Pictures aside, repeat the listing below exactly.

--- Information shown ---

·····

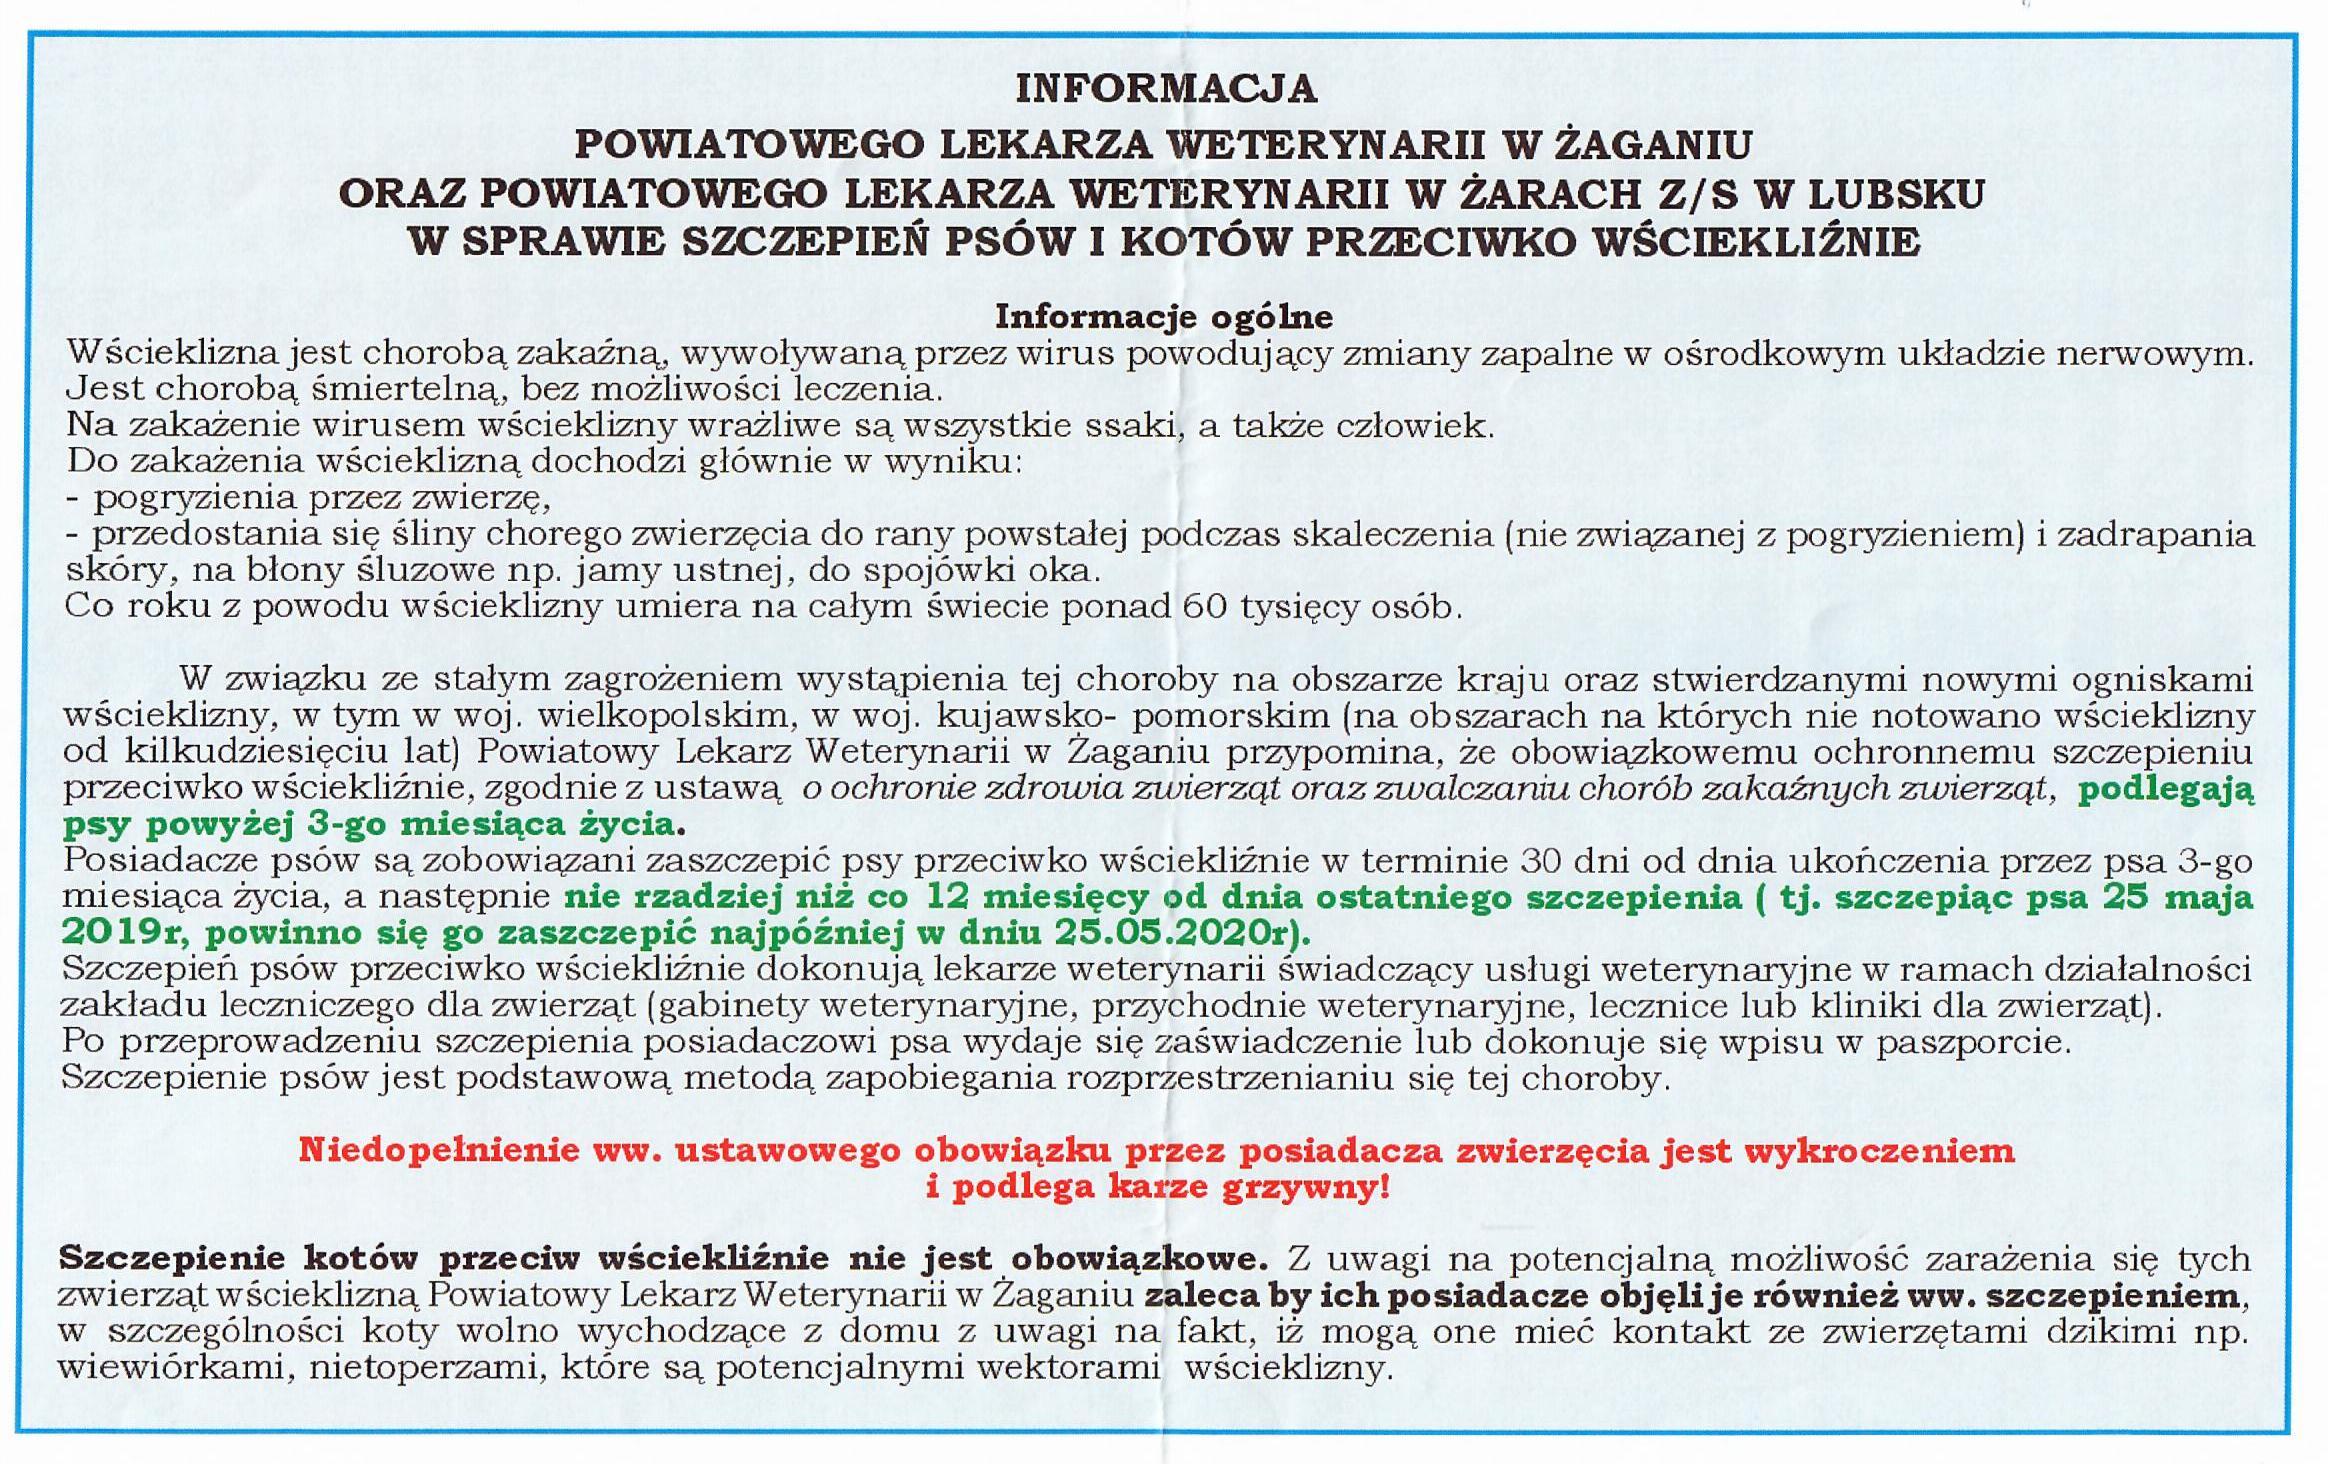 Ilustracja do informacji: Informacja o szczepieniu przeciwko wściekliźnie
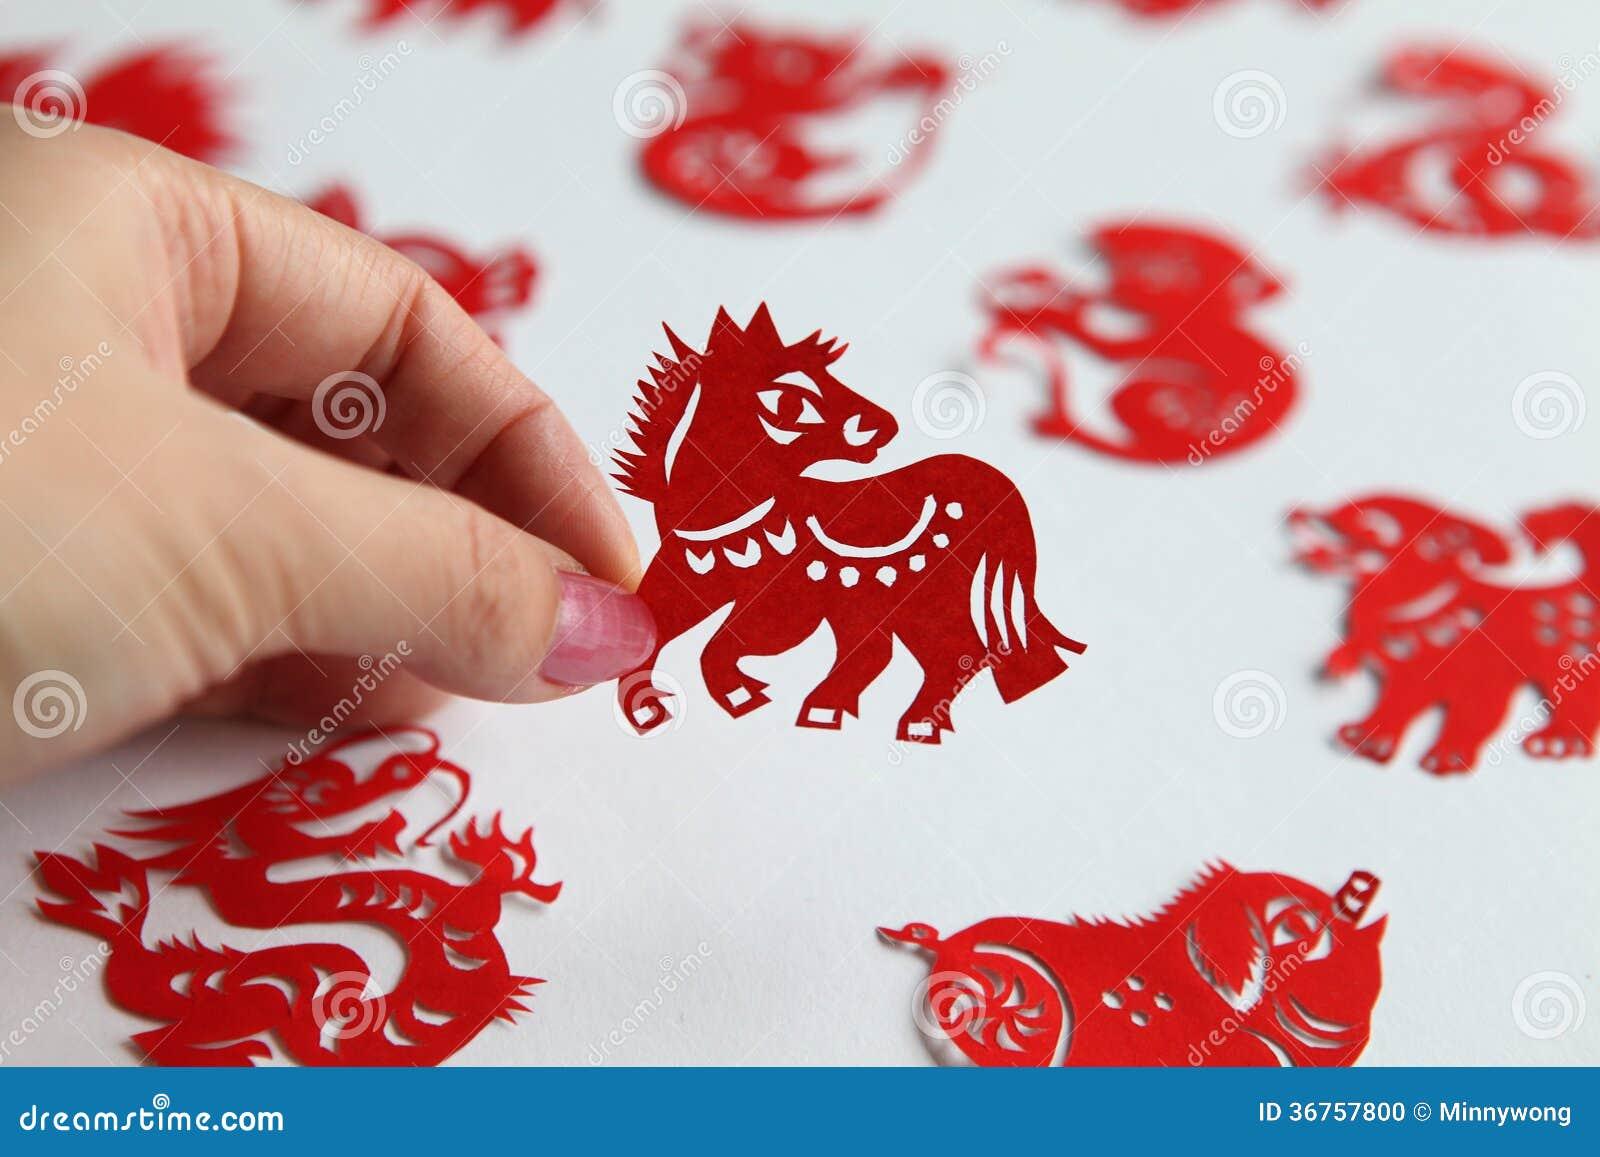 Chinese Zodiac Papercutting Year Of Horse Stock Photo
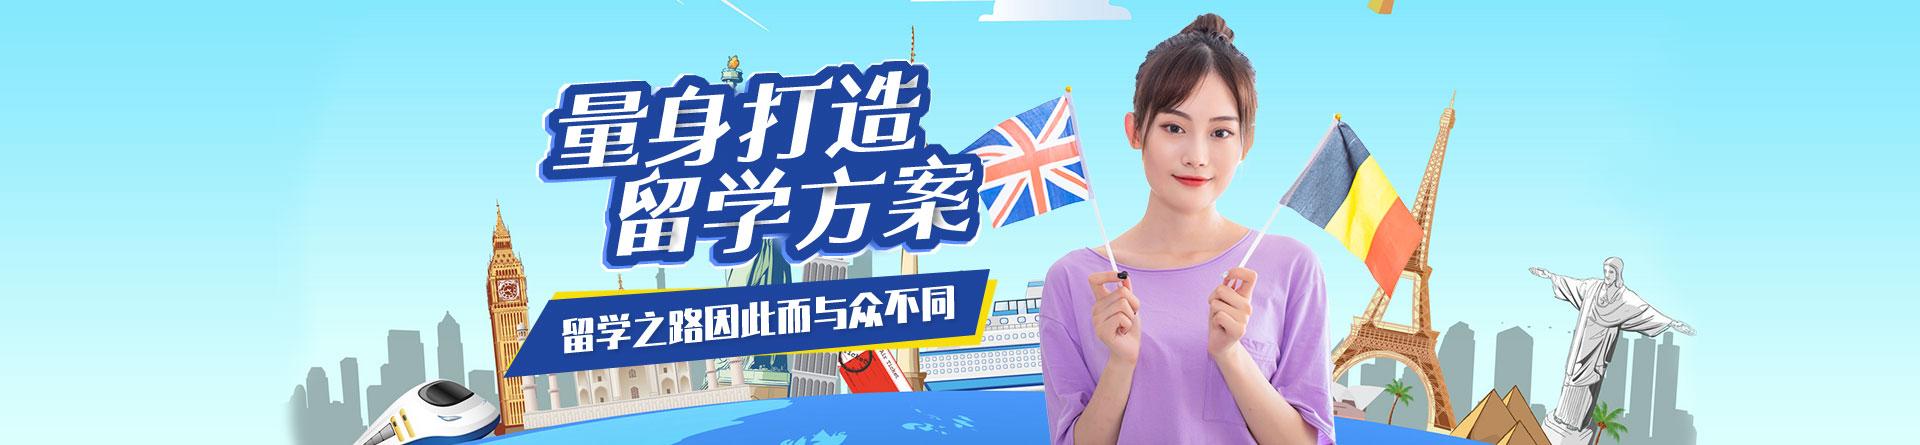 河南新乡飞洋留学机构

·····

--- Exercise result ---
 Ilustracja do informacji: Informacja o szczepieniu przeciwko wściekliźnie
 Chinese Zodiac Papercutting Year Of Horse Stock Photo
 河南新乡飞洋留学机构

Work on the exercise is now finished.